Our study shows that Glo1 expression was up-regulated in HCC compared to non-tumorous tissues. Silencing Glo1 expression can significantly suppress HCC cell proliferation, and the accumulation of cytotoxic MG might be responsible for this effect. These results indicated that the expression of Glo1 was important for HCC progression. Liu et al. (2007) identified numerous genes that were up-regulated in HCC using subtractive hybridization and cDNA microarray techniques, and Glo1 was among them. However, their study was performed on a single HCC patient. Here, we analyzed Glo1 expression using more samples after revealing the up-regulation of Glo1 in HCC at the mRNA level.

Glo1 is over-expressed in various cancers. This result might be because cancer cells, which have high glycolytic rates, acquire adaptations to the elevated cellular MG stress for survival. Warburg originally reported that aerobic glycolysis increased in tumors (Warburg 1923). Tumors with high glycolytic rates are often accompanied by the increased formation of MG, which requires increased Glo1 for its detoxification (Thornalley and Rabbani 2011). HCC, a typical type of solid tumor, has long been demonstrated to have increased glycolytic rates, consistent with its elevated glucose metabolism (Ganapathy-Kanniappan et al. 2012). These results could explain why Glo1 expression was also up-regulated in HCC tissues. Our data then confirmed that Glo1 is essential for the successful proliferation of HCC cell lines because the cell growth rate was significantly hindered upon Glo1 knockdown. This result may be because the cytotoxic MG was accumulated in these cells, causing cell growth inhibition. However, over-expression of Glo1 in HCC cell lines did not affect their proliferation, suggesting that Glo1 levels in these cells are sufficient for growth in normal culture conditions. Nevertheless, these results indicated that Glo1 could be used as a potential target in HCC treatment.

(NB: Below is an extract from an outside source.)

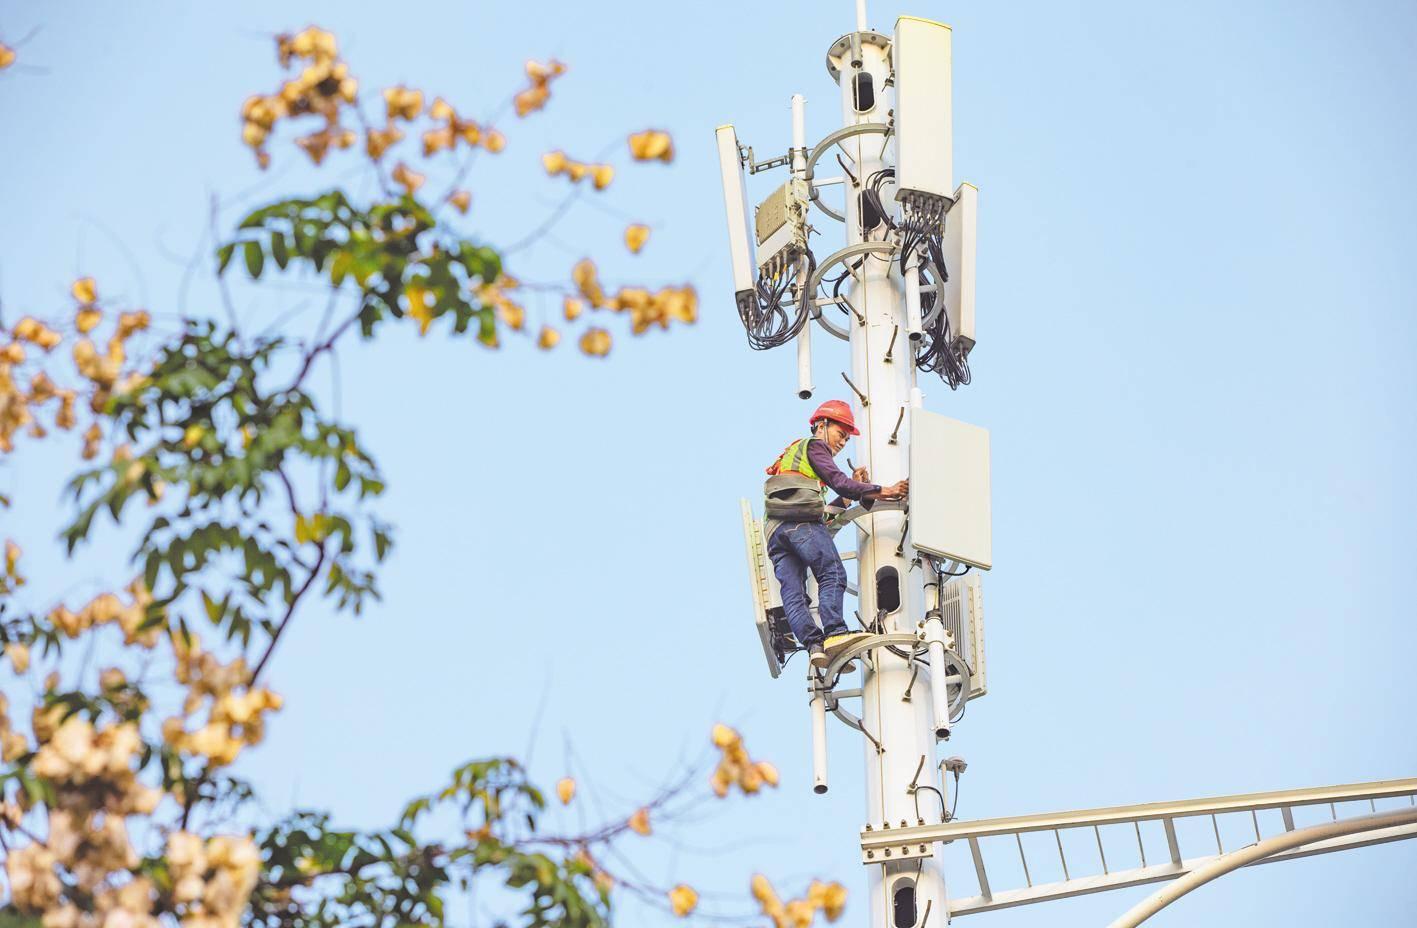 襄阳建成5G基站1600多个

Because Glo1 is permissive for tumor growth and can be linked to MDR in cancer chemotherapy, a large number of studies have focused on developing Glo1 inhibitors. There are several Glo1 inhibitors that have been reported, including S-(N-4-chlorophenyl-N-hydrocarbonyl) glutathione (CHG) (Sharkey et al. 2000), S-p-bromobenzylglutathione cyclopentyl diester (BBGD), methotrexate and polyphenol curcumin (Thornalley and Rabbani 2011). These agents are all promising inhibitors for Glo1 and their antitumor activities have been approved at least at the tumor cell line level. In our study, we discovered that Glo1 was over-expressed in HCC tissues, and cell growth was significantly inhibited with Glo1 knockdown, suggesting that Glo1 inhibitors could also be employed for HCC therapy. This finding provided us with a potential new therapeutic approach for human HCC.